Kiss D, Meier R, Gyr K, Wegmann W
Dialysestation, Medizinische Klinik, Kantonsspital, Liestal.
Schweiz Med Wochenschr. 1992 May 30;122(22):854-7.
A 58-year-old female patient admitted to hospital for advanced renal failure had a 40 years' history of Crohn's disease and had undergone ileocecal resection. Nevertheless, chronic diarrhea persisted. Subsequently calcium oxalate stones in the urine were repeatedly observed. Progressive renal failure developed. The investigation of the patient showed severe steatorrhea and pronounced hyperoxaluria, and renal biopsy showed severe chronic interstitial nephritis with calcium oxalate crystals. The skin biopsy revealed severe calcium oxalate vasculitis.
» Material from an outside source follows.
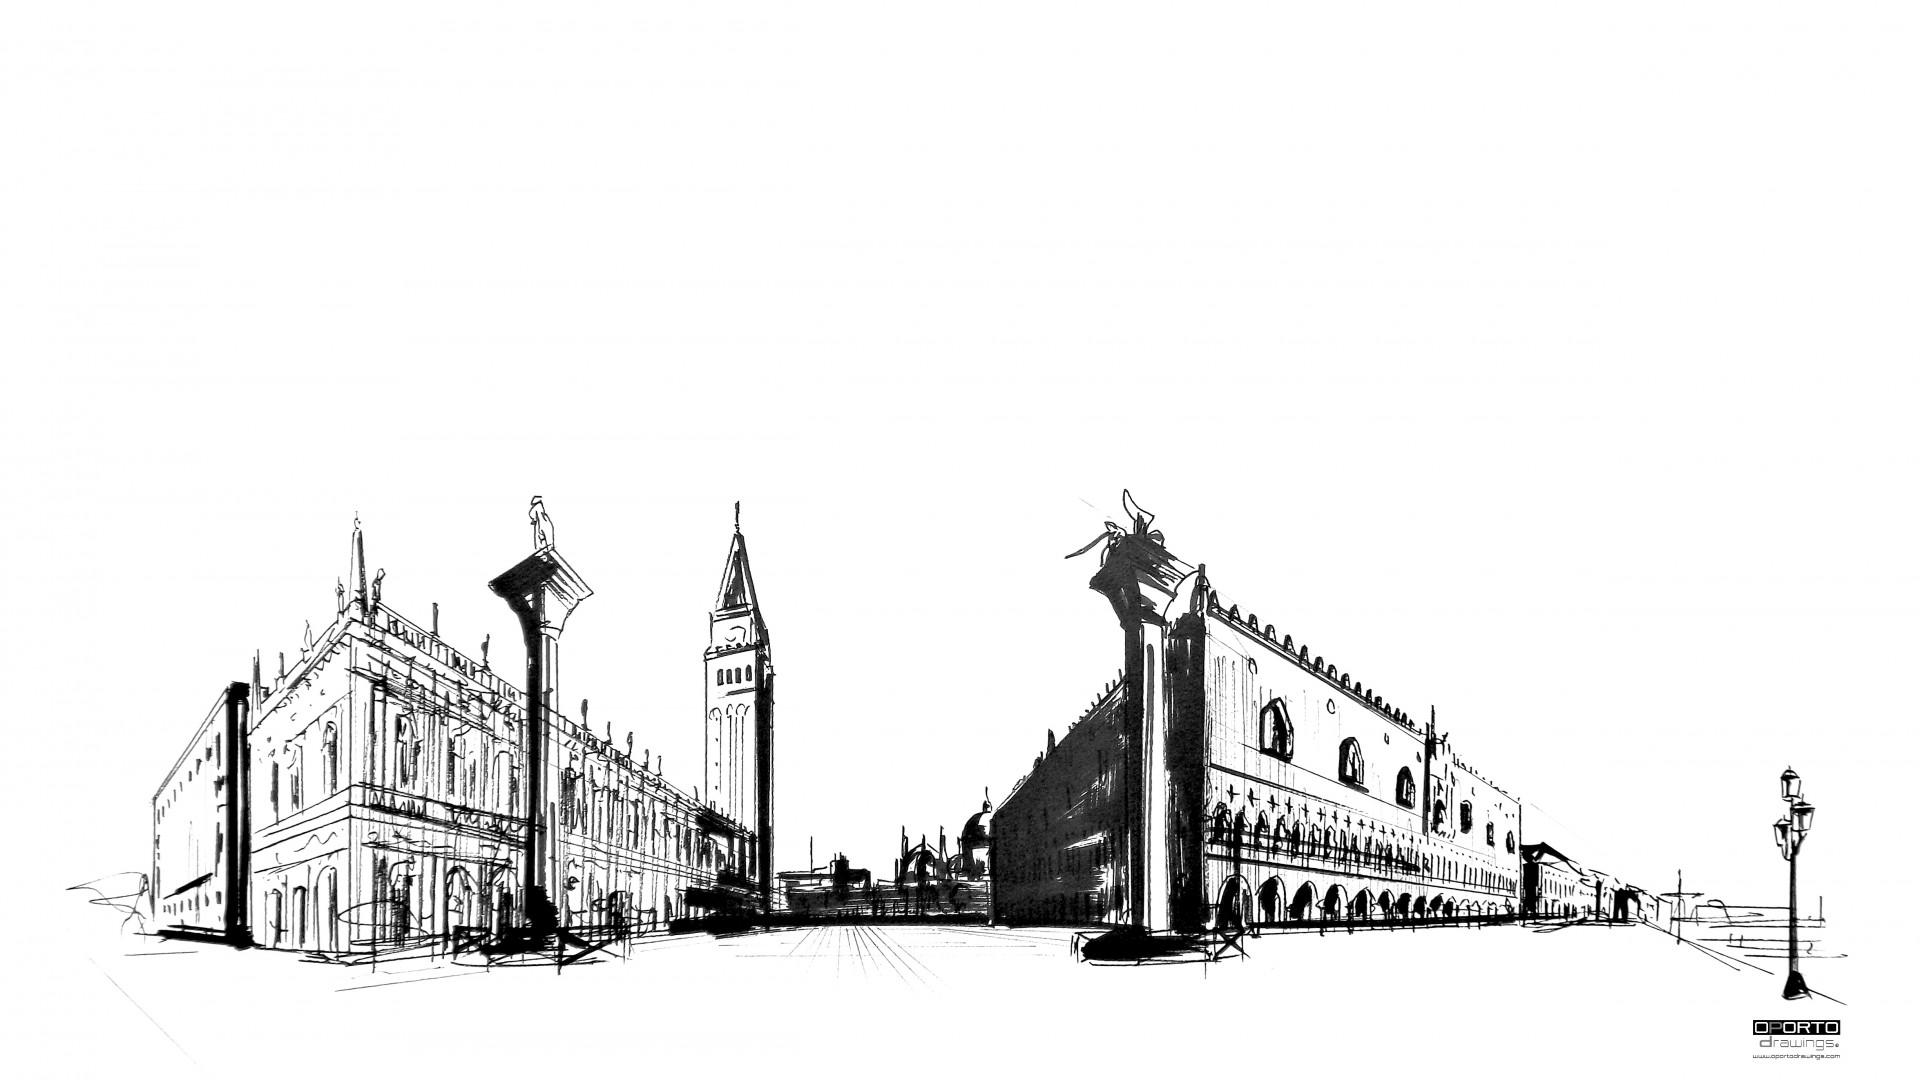 Praça de S. Marcos :: Veneza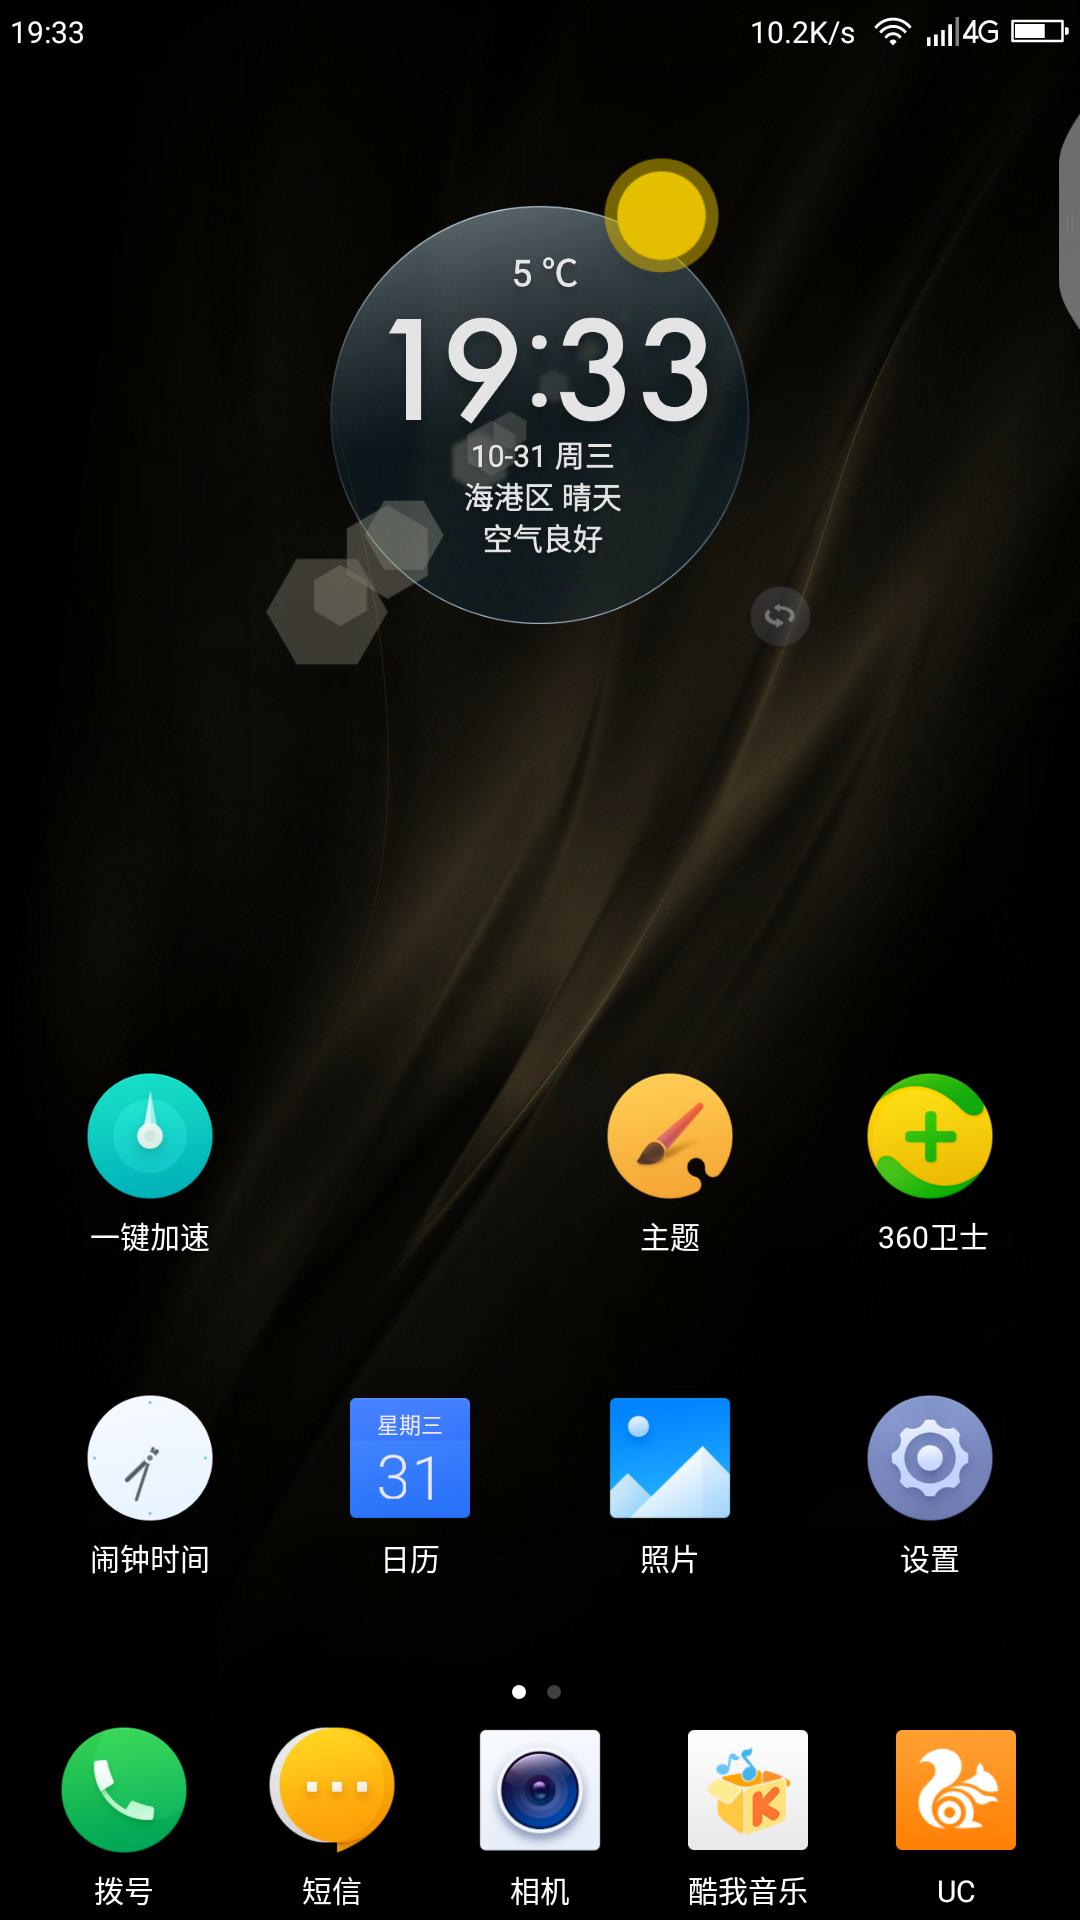 Screenshot_2018-10-31-19-33-17.png

The pathophysiology and therapy of secondary hyperoxaluria due to small bowel resection are discussed.
一名因晚期肾衰竭入院的58岁女性患者,有40年克罗恩病病史,已接受回盲部切除术。然而,慢性腹泻仍持续存在。随后反复观察到尿中草酸钙结石。出现了进行性肾衰竭。对该患者的检查显示严重脂肪泻和明显高草酸尿症,肾活检显示严重慢性间质性肾炎伴草酸钙结晶。皮肤活检显示严重草酸钙血管炎。本文讨论了小肠切除术后继发性高草酸尿症的病理生理学及治疗。